Re: benchmarking the query planner

From: Tom Lane <tgl(at)sss(dot)pgh(dot)pa(dot)us>
To: Simon Riggs <simon(at)2ndQuadrant(dot)com>
Cc: Robert Haas <robertmhaas(at)gmail(dot)com>, Gregory Stark <stark(at)enterprisedb(dot)com>, Kevin Grittner <Kevin(dot)Grittner(at)wicourts(dot)gov>, "jd(at)commandprompt(dot)com" <jd(at)commandprompt(dot)com>, Josh Berkus <josh(at)agliodbs(dot)com>, Greg Smith <gsmith(at)gregsmith(dot)com>, pgsql-hackers(at)postgresql(dot)org
Subject: Re: benchmarking the query planner
Date: 2008-12-11 23:43:48
Message-ID: 13761.1229039028@sss.pgh.pa.us
Views: Raw Message | Whole Thread | Download mbox | Resend email
Thread:
Lists: pgsql-hackers

Simon Riggs <simon(at)2ndQuadrant(dot)com> writes:
> On Thu, 2008-12-11 at 17:45 -0500, Tom Lane wrote:
>> Simon Riggs <simon(at)2ndQuadrant(dot)com> writes:
>>> I would like it even more if there was a data type specific default.
>>> Currently we have a special case for boolean, but that's it.
>>
>> No, we don't (or if we do I'd be interested to know where).

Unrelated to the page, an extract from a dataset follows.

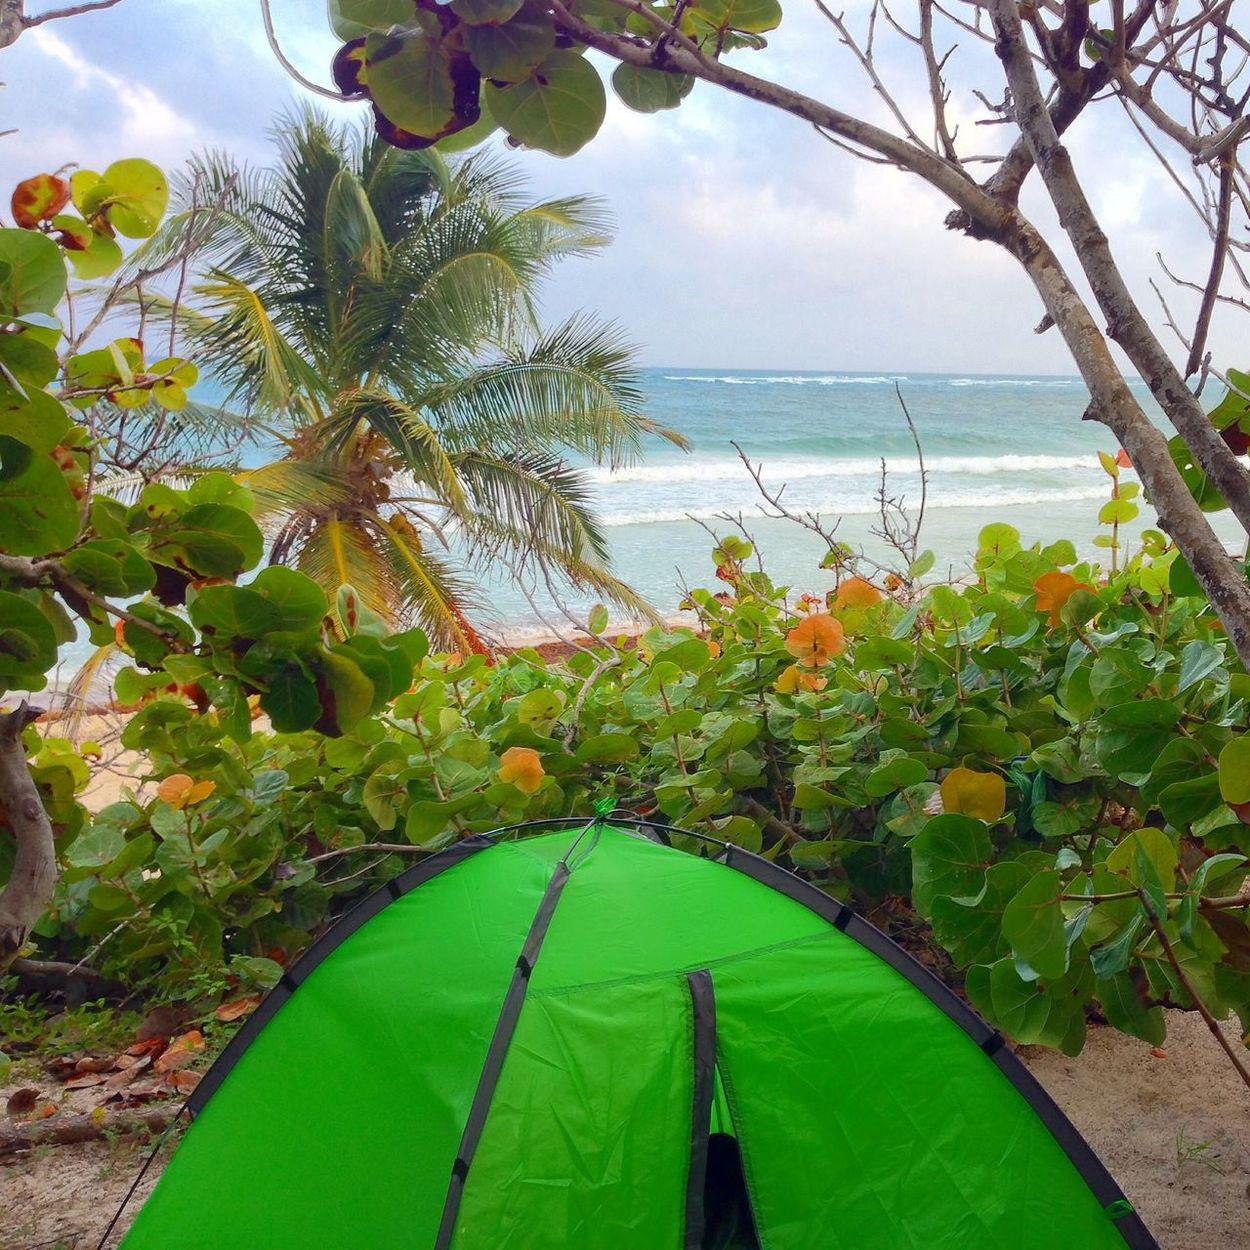 Camping Enjoying Life Caribbean Sea
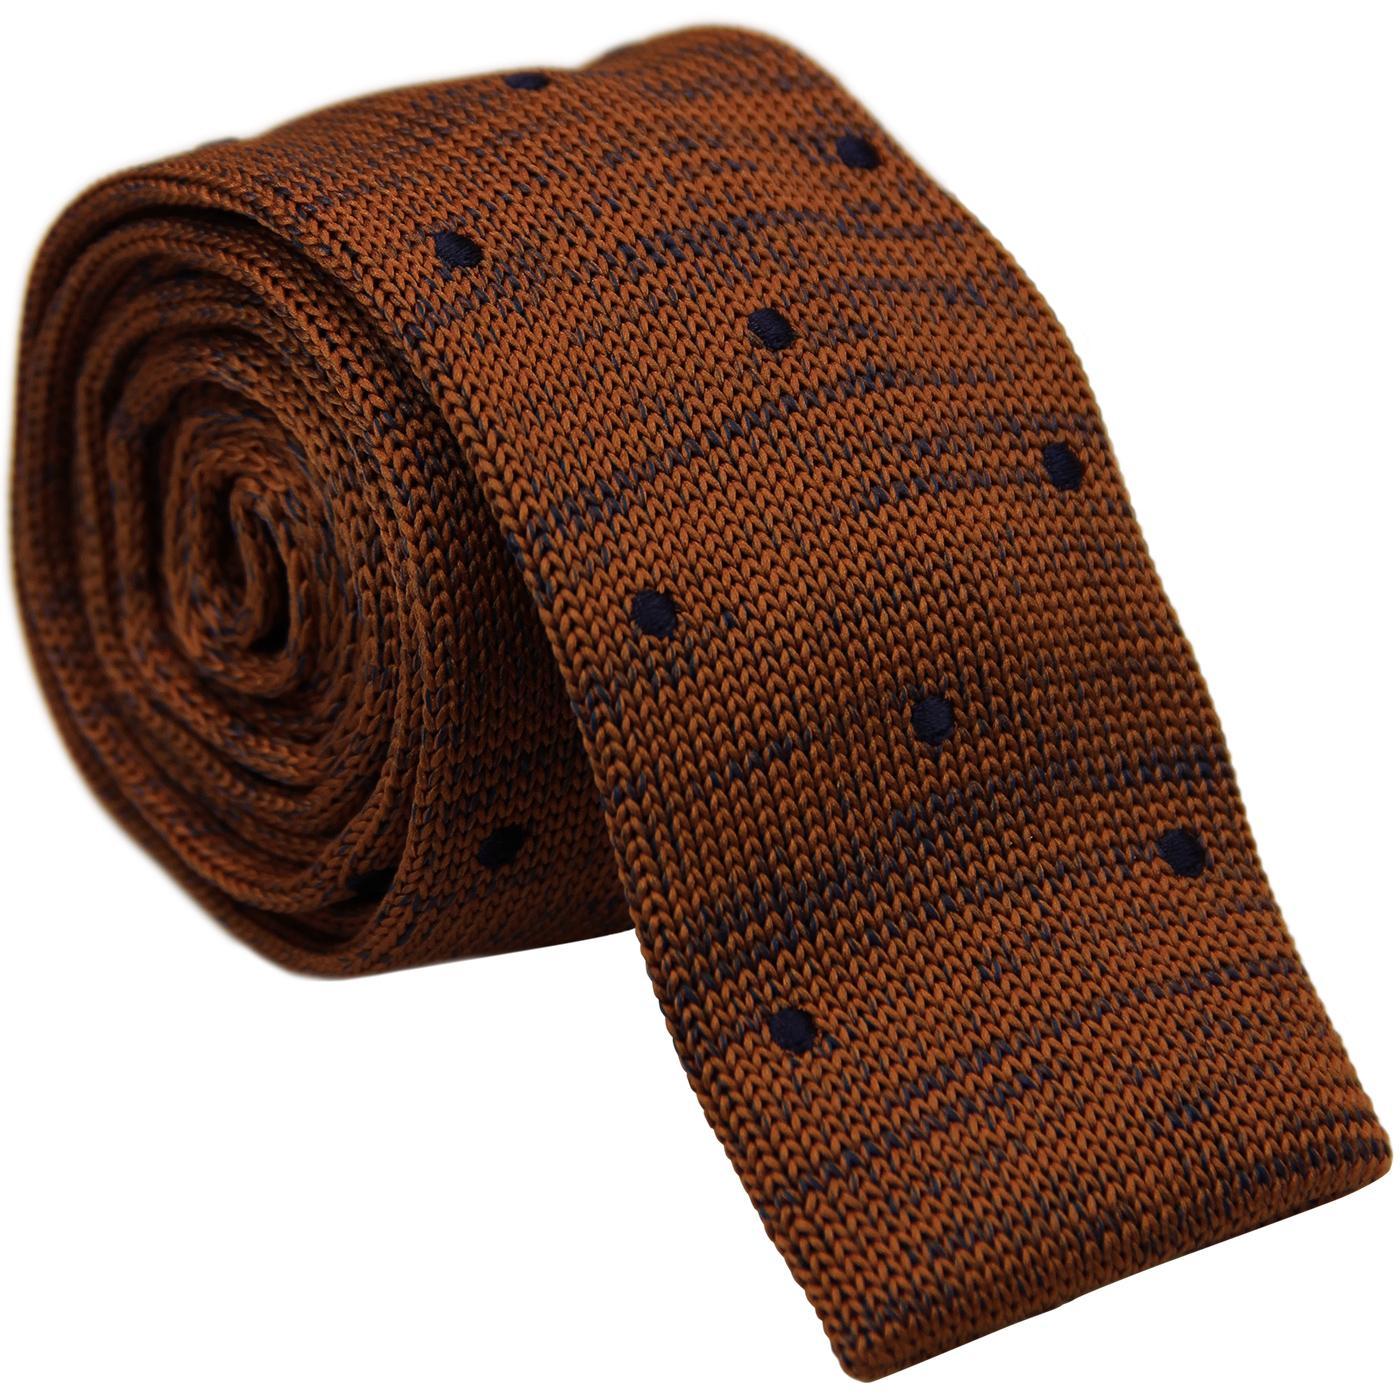 GIBSON LONDON 1960s Mod Spot Knitted Tie (Mustard)

> Your commit, selfuncs.c, 7 Jul.

As with Robert's pointer, that's about coping with missing stats,
not about determining what stats to collect.

> ... neither of those were ones I was thinking about. I see 3 main classes:
> * data with small number of distinct values (e.g. boolean, smallint)
> * data with many distinct values
> * data with where every value is typically unique (e.g. text)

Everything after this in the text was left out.